** What you will do **
Using the records below, copy exactly the part that opens with the line holding "The Super Mario" and closes with the line holding "The Kindness Handbook: A", minus the pictures.

** Record set **
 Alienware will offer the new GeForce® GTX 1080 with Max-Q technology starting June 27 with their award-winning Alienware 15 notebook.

---

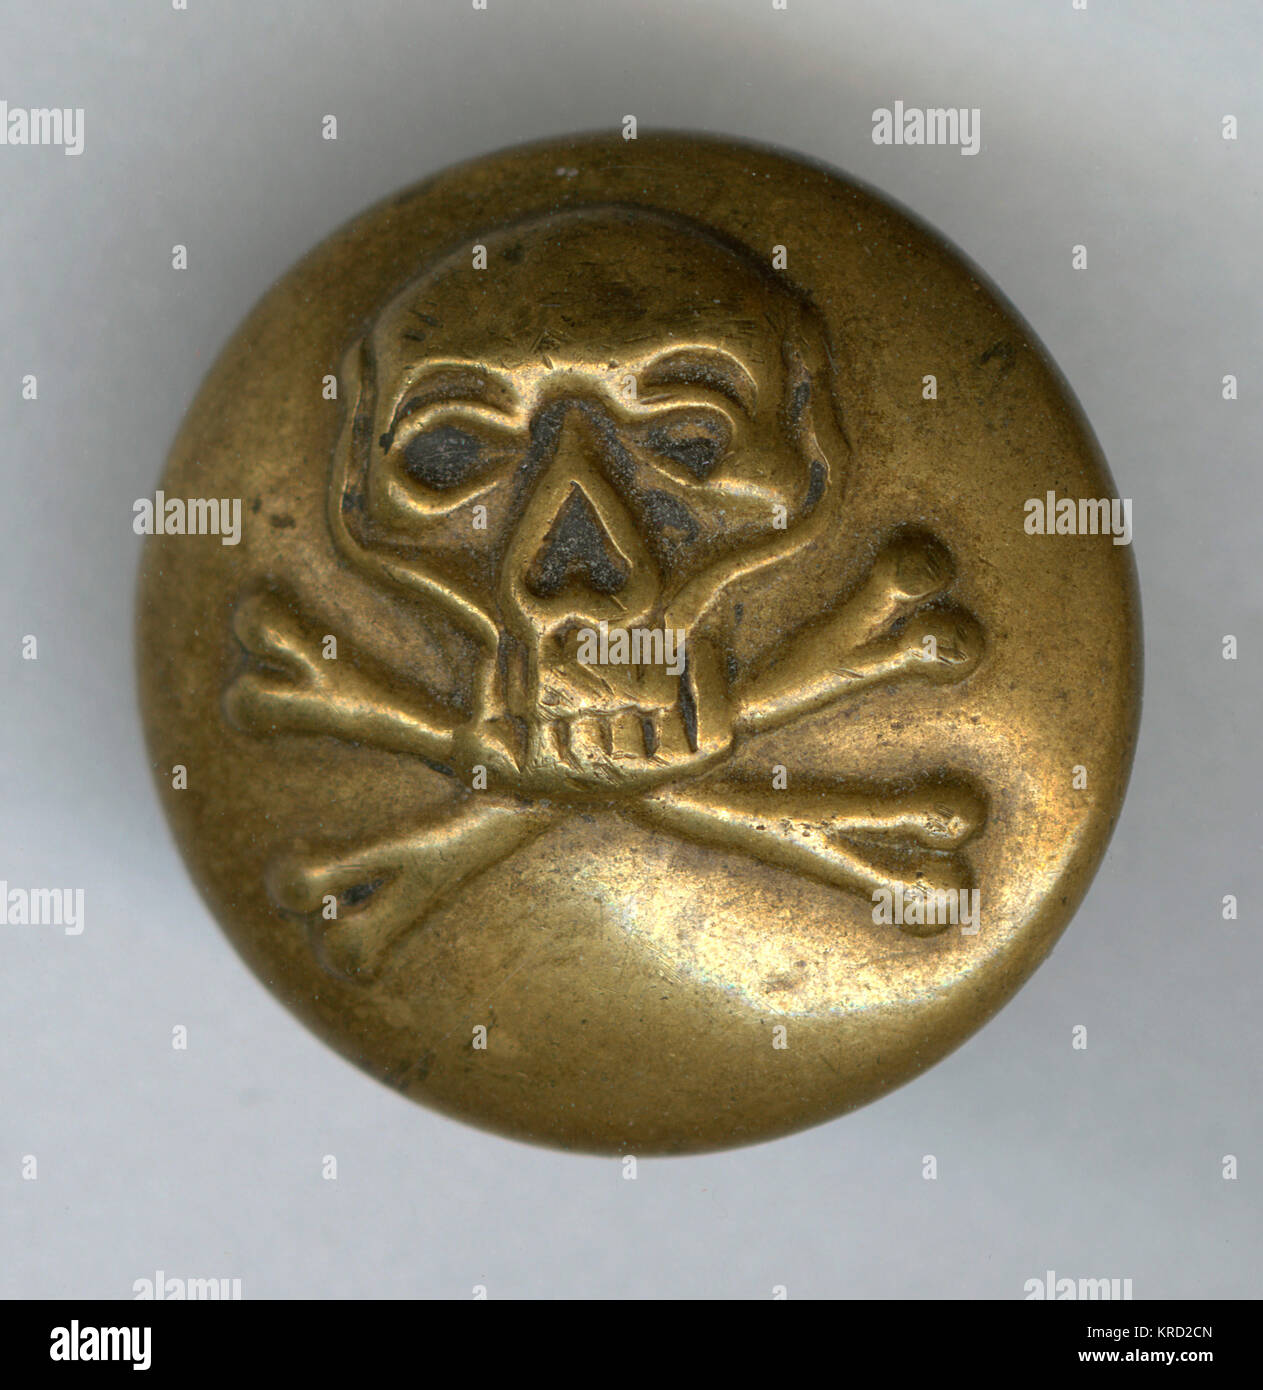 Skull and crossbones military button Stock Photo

---

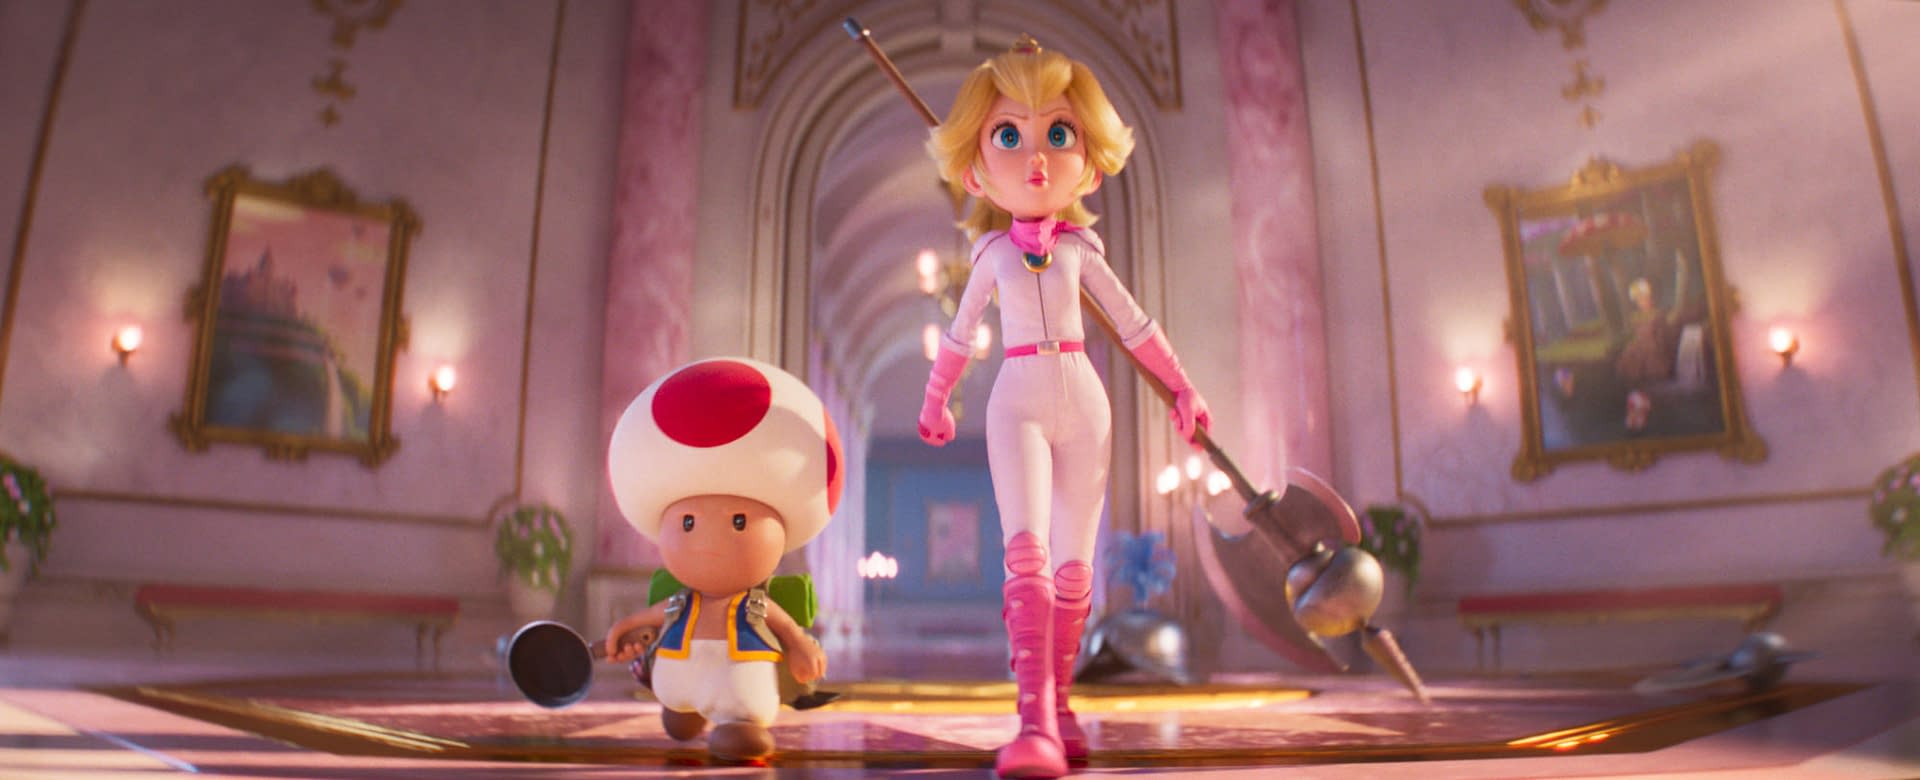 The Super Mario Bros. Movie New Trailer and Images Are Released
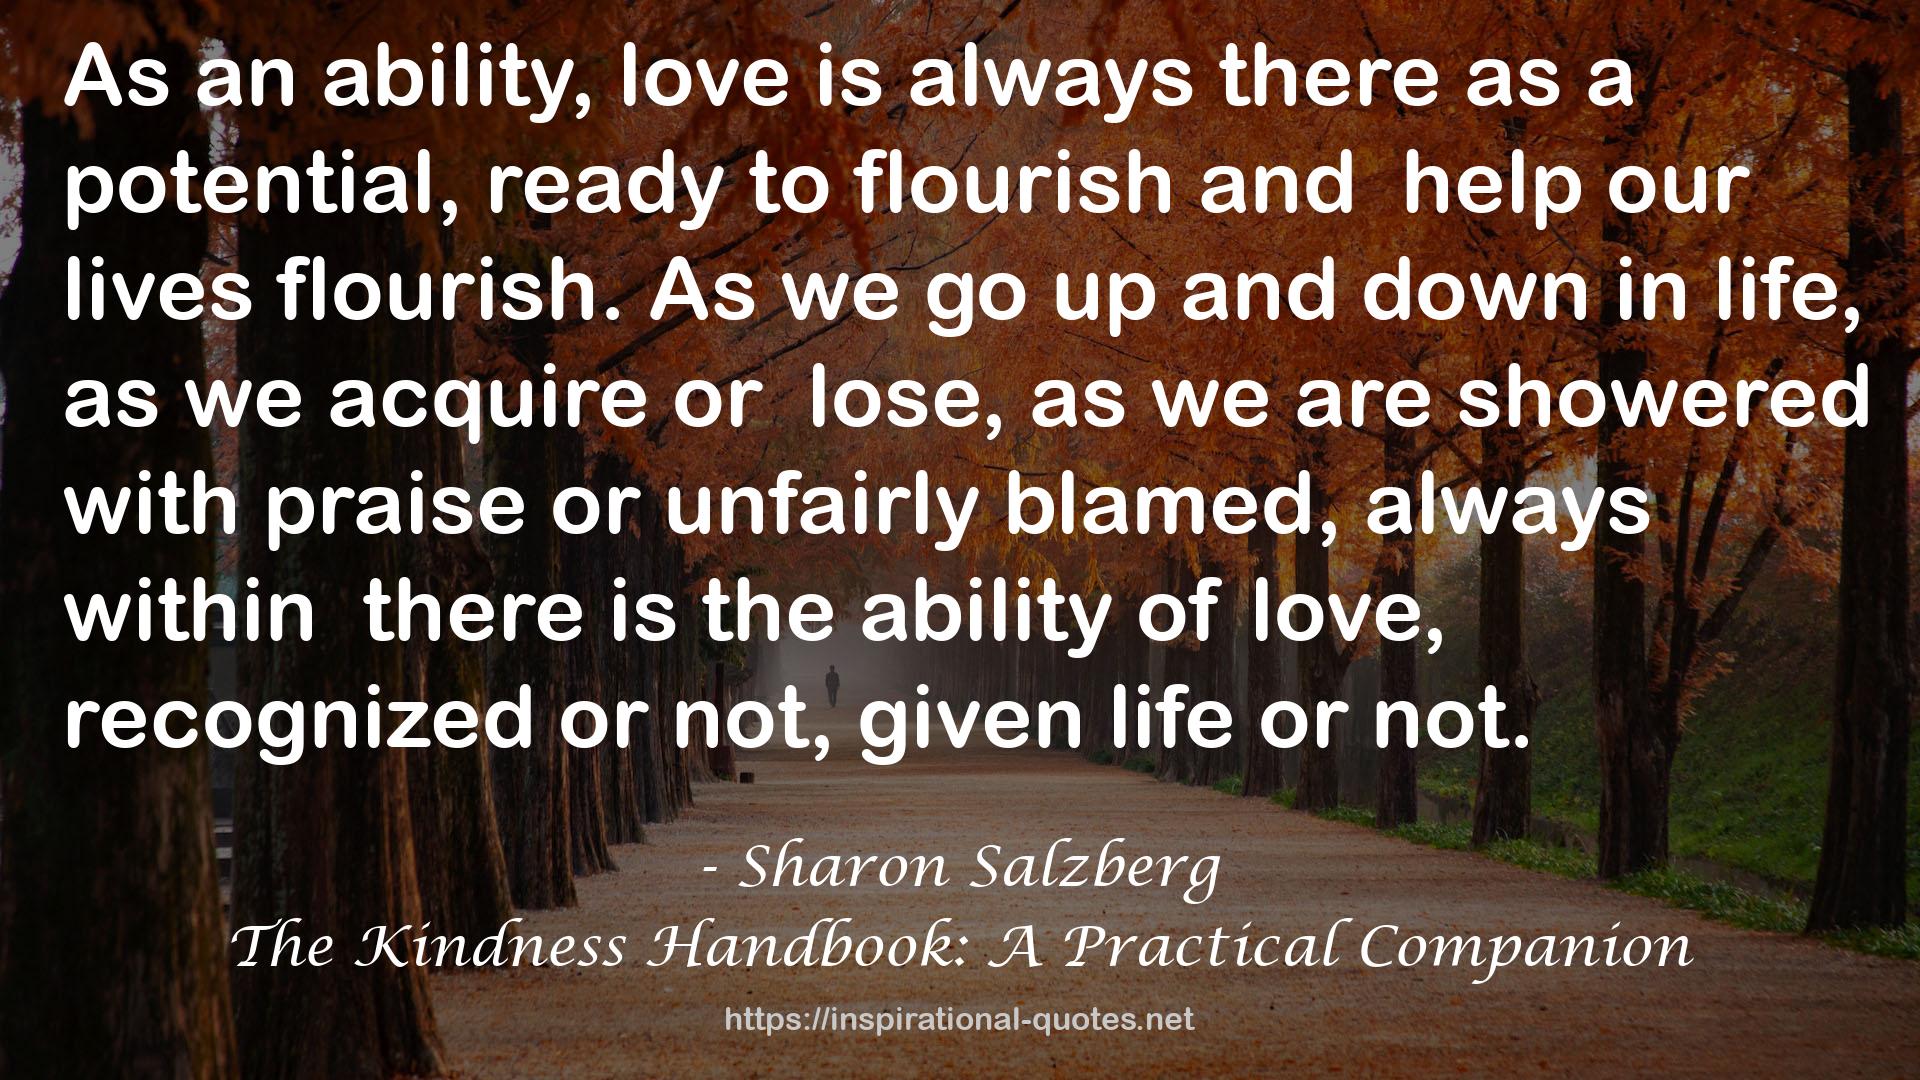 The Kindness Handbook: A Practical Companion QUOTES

** Output of the exercise **
 The Super Mario Bros. Movie New Trailer and Images Are Released
 The Kindness Handbook: A Practical Companion QUOTES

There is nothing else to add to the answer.